EXERCISE DATA —
+===+
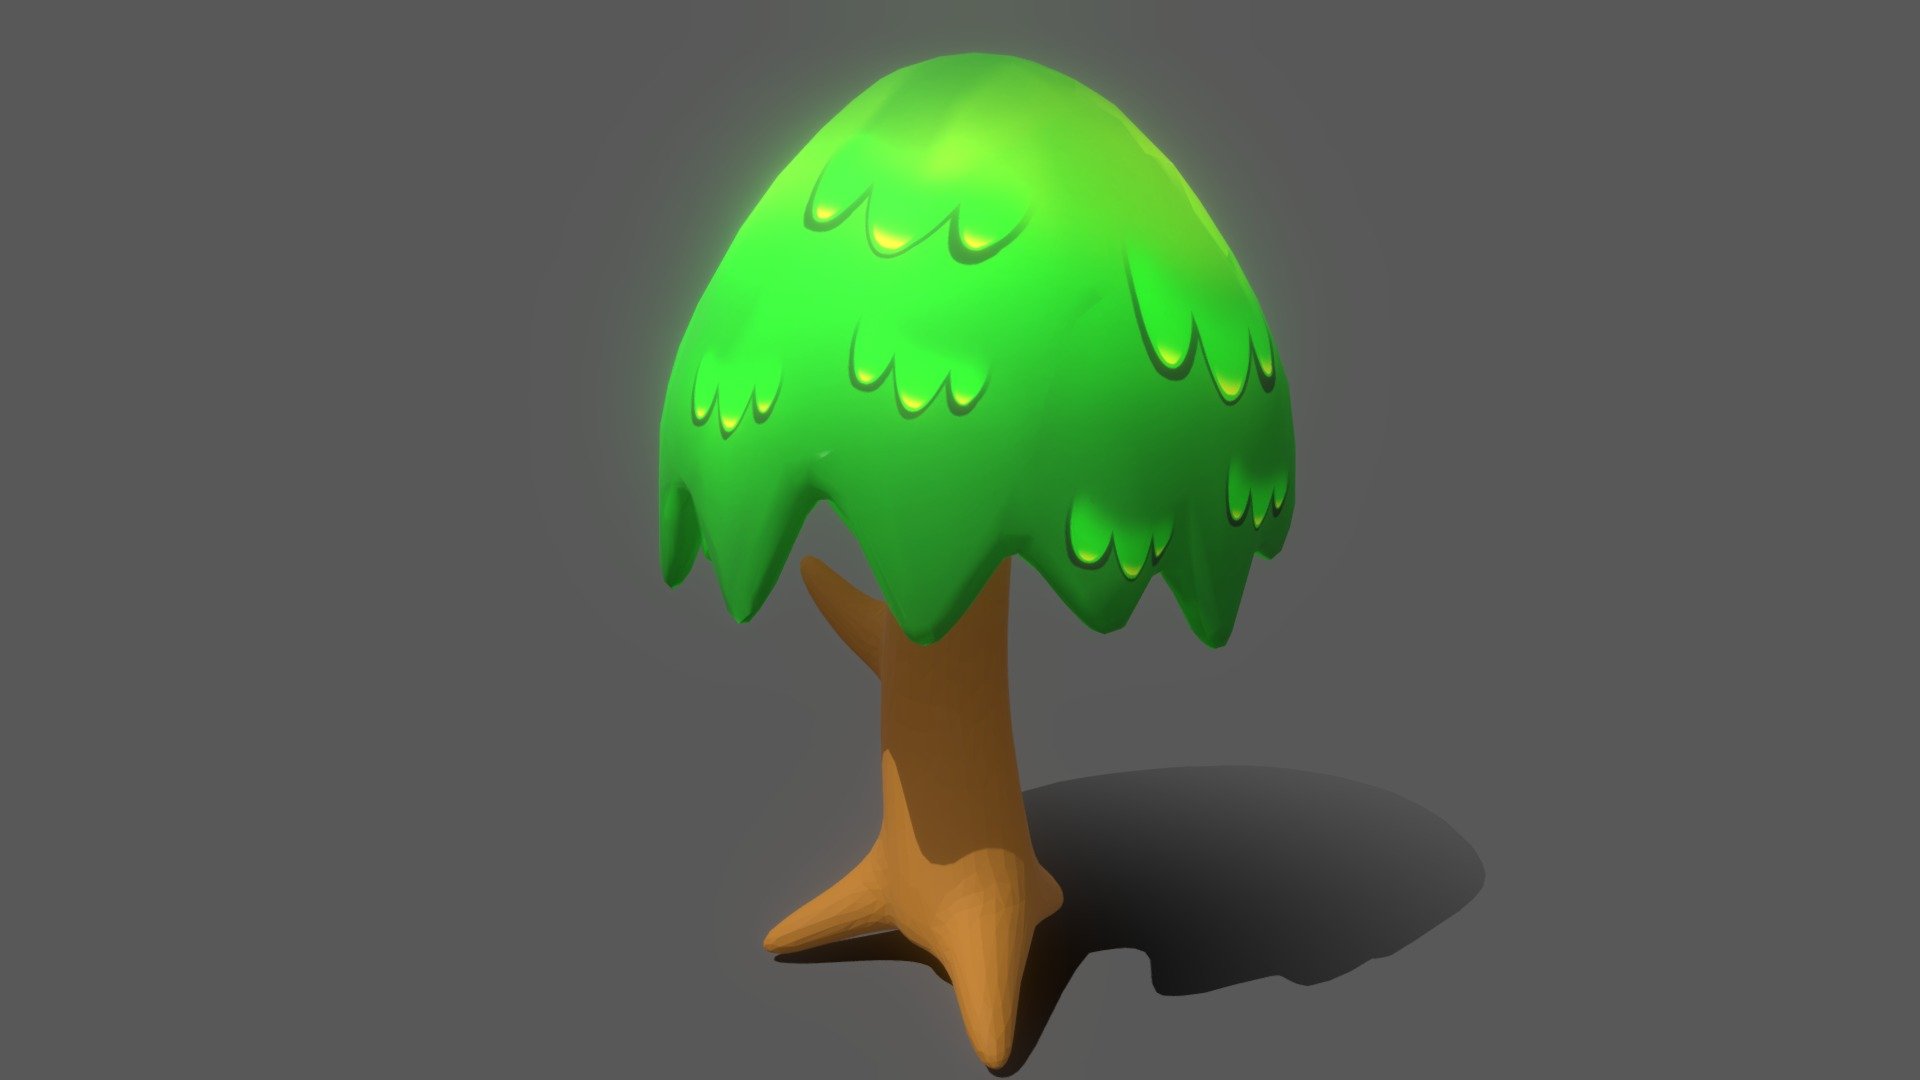 Stylized tree. This was roughly done&hellip; like less than 10 minutes :)

Game engines :

- Backface culling
- Triplanar/worldspace shader for the bark and add your own testure to it - Stylized Tree - Download Free 3D model by Natural_Disbuster (@lemedesign) 3d model
+===+
WHAT NEEDS TO BE DONE —
Your answer should consist solely of the lines from the one containing "- Backface culling" through the last line of the listing, written out word for word.

TASK RESULT —
- Backface culling
- Triplanar/worldspace shader for the bark and add your own testure to it - Stylized Tree - Download Free 3D model by Natural_Disbuster (@lemedesign) 3d model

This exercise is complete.